“Le meraviglie”: Alice Rohrwacher e il trionfo al Festival del cinema di Cannes
Grand Prix della 67esima edizione, l’opera seconda della regista toscana è un film di respiro finalmente internazionale, dove si narrano dolori e meraviglie della campagna della vecchia Etruria tramite i sogni e le ribellioni dei suoi pochi abitanti
di Giulia Marras
su Twitter @giulzama
“Il mondo sta per finire”
Così come lo conoscevamo, o, meglio, conoscevano i nostri genitori, venti, trenta anni fa, il mondo è cambiato radicalmente, a partire dalla formazione dei nuclei familiari, il paesaggio nel quale crescono e la televisione dalla quale sono accompagnati, forse plasmati, forse informati o corrotti per sempre.
Di questi tre temi sembra parlare principalmente Le meraviglie, secondo lungometraggio di Alice Rohrwacher, film vincitore del Grand Prix nell’ultima edizione del Festival del Cinema di Cannes. Le meraviglie arriva come un extraterrestre nello stagnante, ma in parte ignorato, panorama del cinema italiano d’autore, come già il Corpo Celeste, opera prima della regista, poetico ritratto della fine d’infanzia a Reggio Calabria, tra catechismo e “particolari” politiche parrocchiali e una spiritualità adolescenziale legata alla scoperta di una terra straniera.
Nel secondo lavoro, torna una protagonista adolescente, Gelsomina, torna un’ambientazione ostica e personaggi corollari solidi a completare quello che possiamo chiamare non tanto un racconto di formazione, bensì una suggestione allo stesso tempo intima e misteriosa su uno spaccato di vita di una famiglia di contadini collocata lontana nel tempo e nell’immaginario consueto contemporaneo.
Gelsomina vive infatti in un vecchio casale in mezzo alle campagne rurali toscane, durante quelli che sembrano essere gli anni Novanta (la regista tiene a sottolineare l’unica indicazione data: “È una storia ambientata dopo il Sessantotto, basti questo”), all’interno di una famiglia mista: un padre tedesco, madre italo-francese (interpretata da Alba Rohrwacher, vera sorella di Alice), tre sorelle e altri due membri stranieri che non mancheranno di creare ulteriore conflitto.
Le fondamenta della storia risalgono alla biografia della sceneggiatrice e regista, nomade europea e figlia di apicoltori tedesco-toscani.

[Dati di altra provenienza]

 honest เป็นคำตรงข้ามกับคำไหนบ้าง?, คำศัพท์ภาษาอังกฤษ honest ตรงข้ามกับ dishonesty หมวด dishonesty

Il miele e il lavoro in campagna sono il fulcro centrale anche della famiglia di Gelsomina: una dedizione alla terra e alla natura dettata non tanto dalla semplicità di uno stile di vita bucolico, il quale anzi viene annullato dalla durezza del lavoro, bensì da una ribellione ideologica al conformismo e all’industrializzazione della città.

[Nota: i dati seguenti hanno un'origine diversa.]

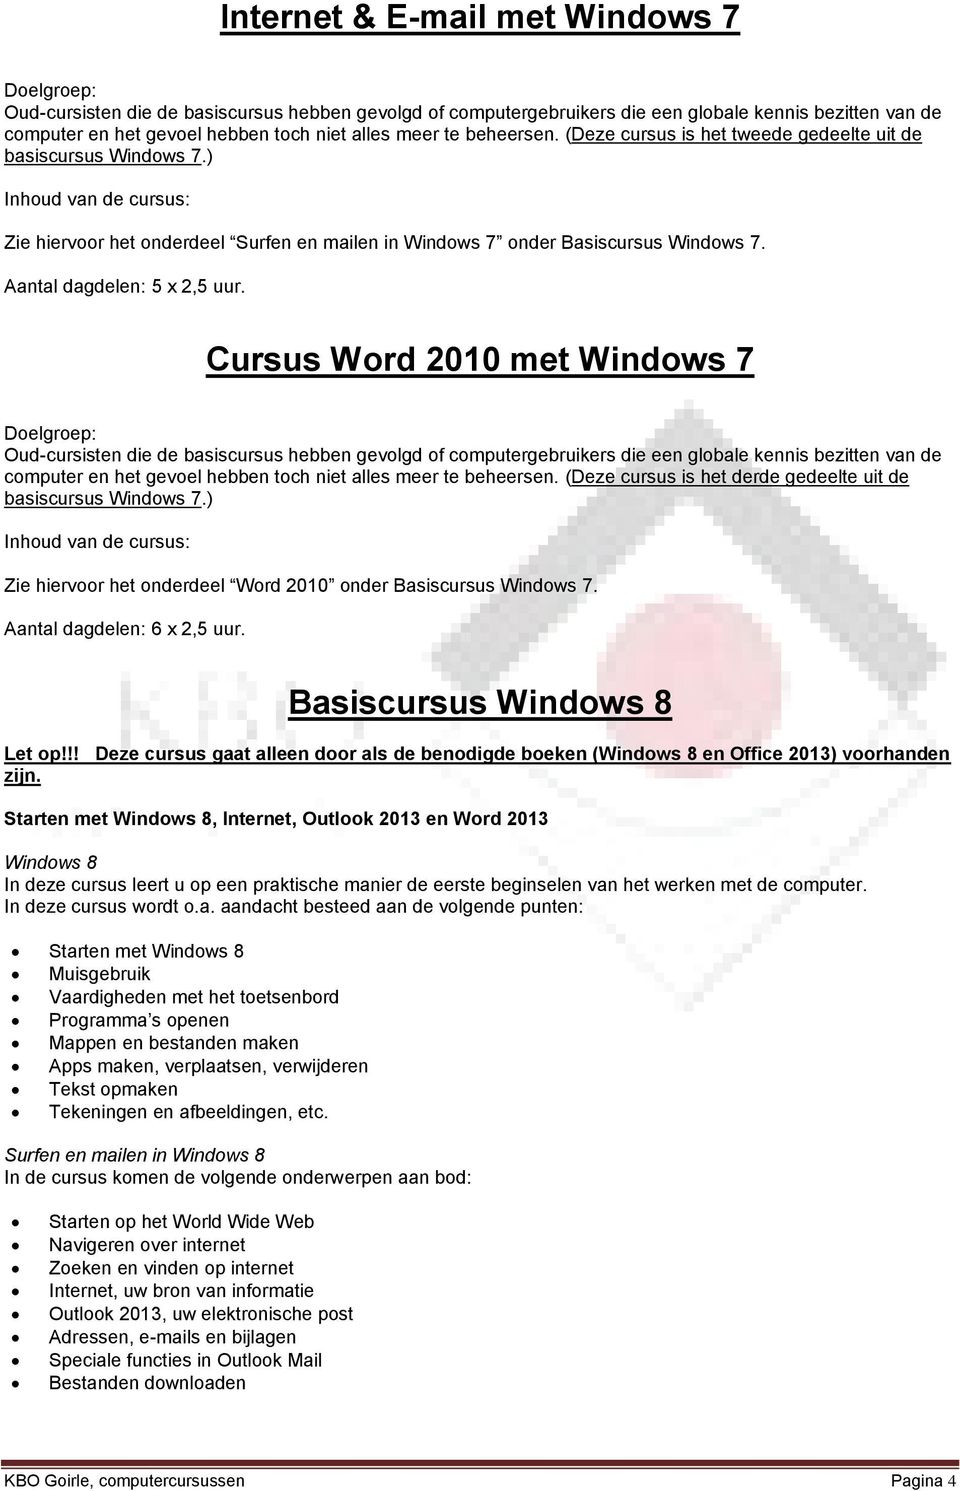 Cursus Word 2010 met Windows 7 computer en het gevoel hebben toch niet alles meer te beheersen. (Deze cursus is het derde gedeelte uit de basiscursus Windows 7.

Gelsomina è anche Alice. Regista delle esibizioni (come quella di T’Appartengo di Ambra) della sorella, Alba-Marinella, inadeguata ed esonerata dal lavoro paterno ma pure oggetto di uno sguardo attento e severo, quello della maggiore, erede invece predestinata e prediletta dal padre Wolfgang grazie al suo rapporto privilegiato con le api.

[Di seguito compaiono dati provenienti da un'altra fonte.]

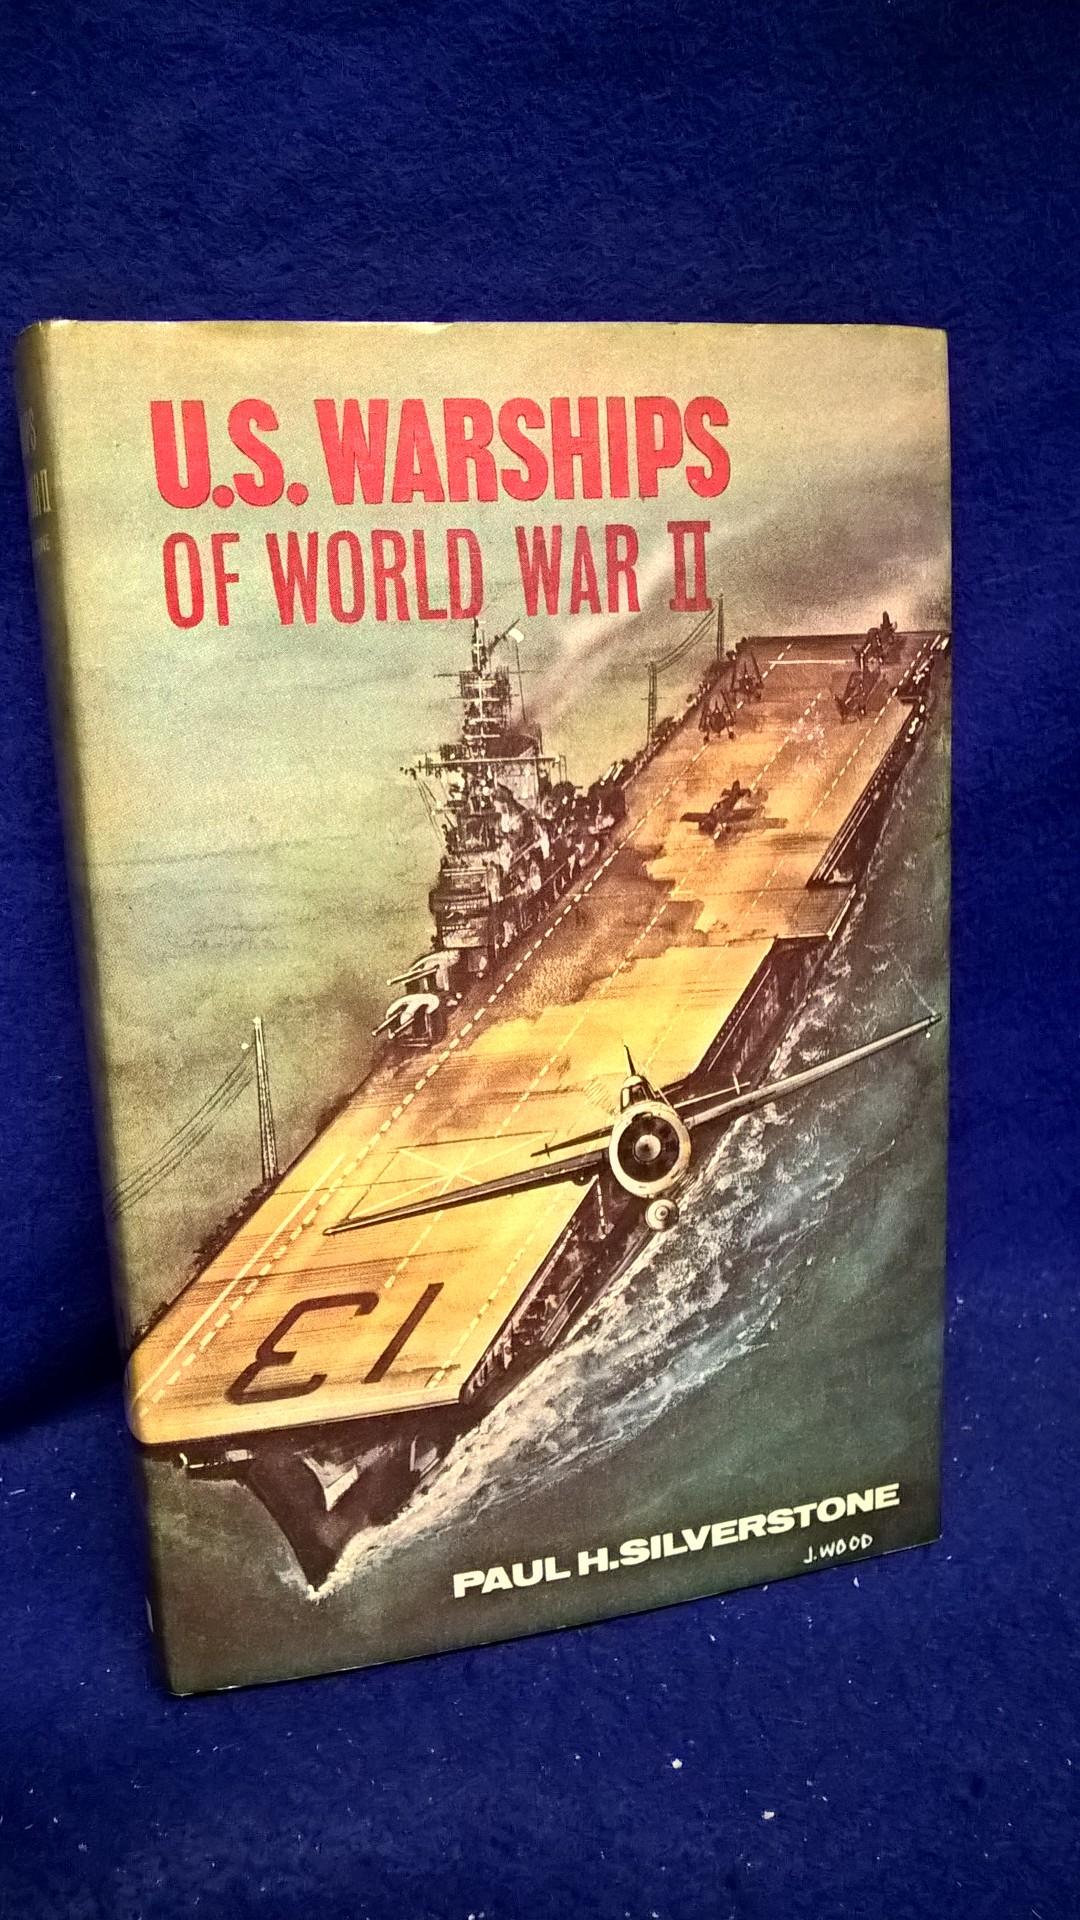 U.S. Warships of World War II.

Ben presto però la durezza patriarcale, le incomprensioni dettate probabilmente dalla difficoltà di linguaggi diversi, dall’appartenenza a un non-luogo, dalla distanza tra sensibilità e generazioni, dovranno affrontare la tenerezza (apparente) e l’ingenuità del mezzo televisivo, nelle sembianze di Milly Catena, interpretata da Monica Bellucci, in una piccola parte di “un personaggio che le viene attribuito, senza chiedersi se ancora le corrisponda o meno, e forse no”, dice la Rohrwacher. Elemento quasi fiabesco, come l’intervento fantastico della Ramazzotti in Bellas Mariposas di Salvatore Mereu, Milly e la televisione intervengono nella vita di Gelsomina come una scappatoia alla vita da ape operaia, ma non in quanto strumento di inganno e corruzione, bensì contenitore “innocente, una televisione pre-analitica. […] Perché violento è il mezzo televisivo quasi più della sua storia” (dal pressbook ufficiale).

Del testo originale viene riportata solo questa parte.